Ok. So now you've chosen what to measure, next up is convincing the team, or yourself, that it's important to integrate the tracking. This can become a major endeavor that can rabbit hole its way into a long term project with no clear early wins. Do not bite off too much at first. Pick one thing, get it working, get it on a graph, get that graph on the wall, and high five. Yes, you will make some short term decisions that will likely require rewriting down the line. Yes, you will build some short term systems that are single purpose, don't scale to new sources, don't allow for arbitrary analytic access, but this is the only way I know how to get anything done. I don't always do a good job with it because it can be so damn fun to plan and draw data flow diagrams (seriously one of my favorite things to do). Resist the urge. Use the open source tools, steal the front-end view from your neighbor, and just get that metric on the wall. You'll feel better.
Data level 3. If you've made it this far, the data is flowing… Can you query it? Can you, with confidence, make decisions based on it? Can you ask someone else at the company what the state of that monitor is? Is it in your daily workflow? Does everyone trust it? Can the CEO read it? Is there any ambiguity? This is the softer, and harder, side of data. It always have caveats, coverage issues, and is susceptible to misinterpretation.
Your instinct might be to create wikis though they have very low likelihood of improving the situation. This step does not come overnight. You need to create a trusting relationship between the data and you, your team, and your company. Like all good relationships it takes time, attention, frequent interaction, retrospection, and occasionally intervention. Once you reach a healthy level of trust, data will become invaluable. Everyone will want access, teams that didn't see the value earlier will want to participate, and data will have a voice when decisions are made. Now you might need to rebuild your systems to handle the scale of new use cases, uptime requirements, data volume, storage needs, privacy requirements, access controls, retention policies, ad hoc vs. production schedules, concurrency, asynchronous collection, better viewing tools, alarms, sessionization, long term reporting, back up, etc… This just became a real asset and requires commitment.
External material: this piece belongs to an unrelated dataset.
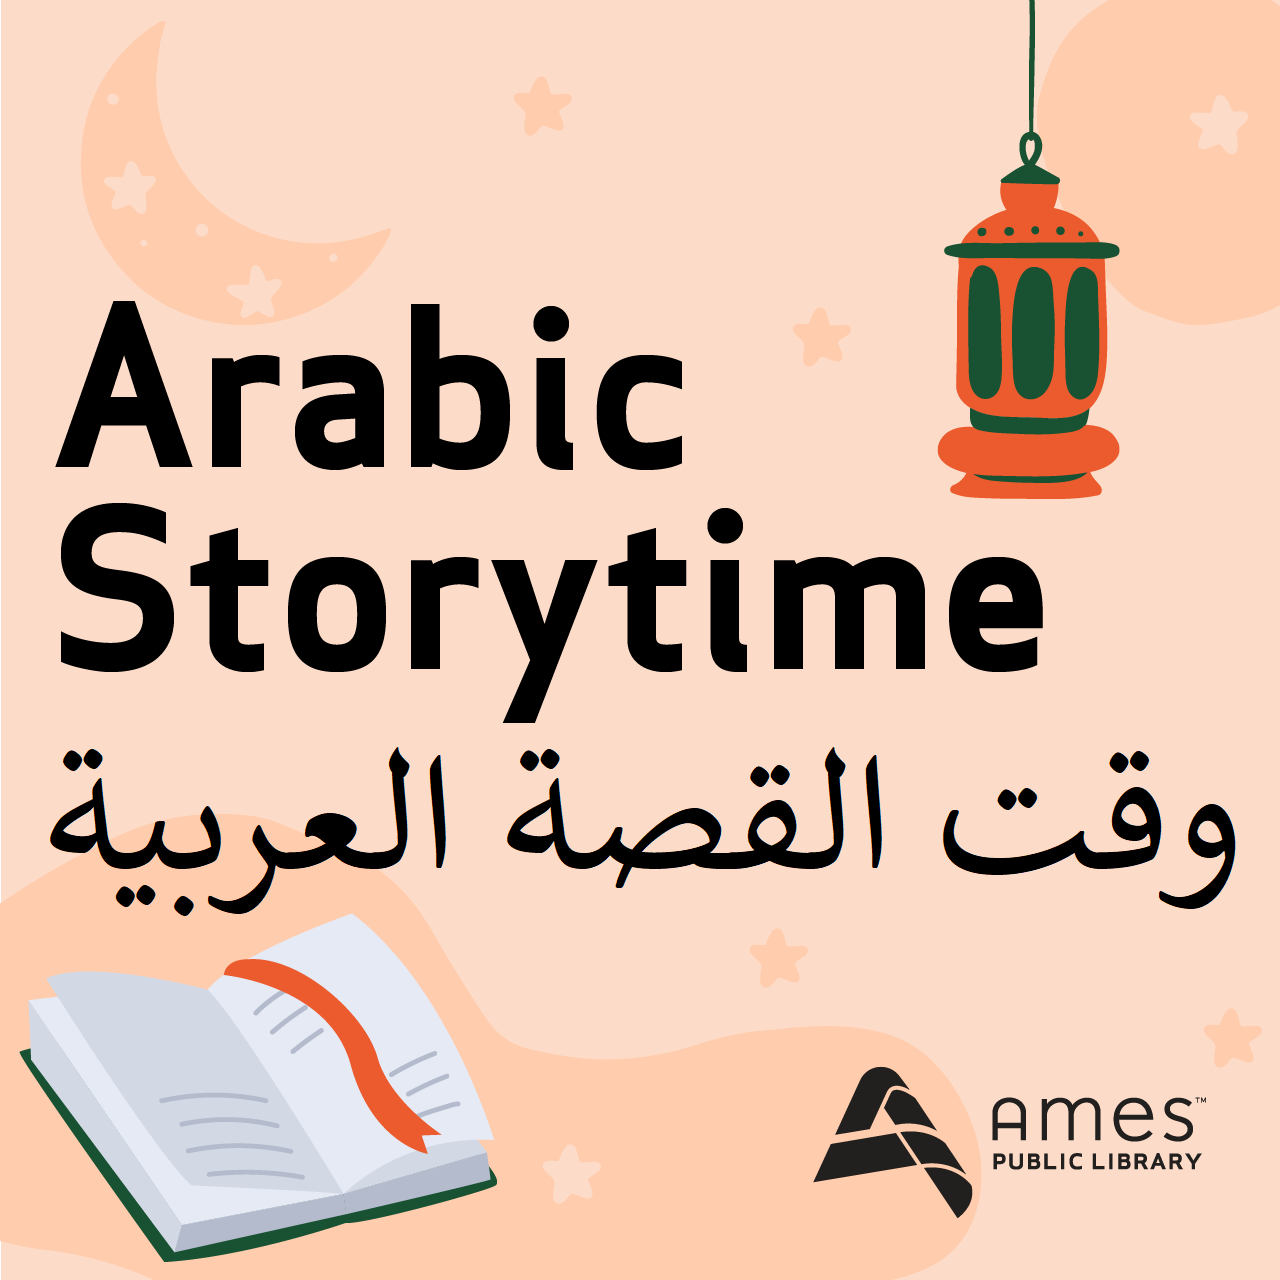 Graphic of hanging lamp and open book on stars and moon background for Arabic Storytime

Data level 4. This is the stage that's talked about the most-- data as a feature. It's what powers product recommendations, search engines, news feeds, ad targeting, etc… There is statistical, testing, and production engineering focused on servicing data needs in this area but we'll leave that for another post. This is the promised land but is a ways off from where most companies are…
This was a very high level and likely too wishy washy view but one that I hope highlights that realities of creating a data driven culture that is overlooked in the typical how big is your big data discussion. If you're good at this stuff, please let me know.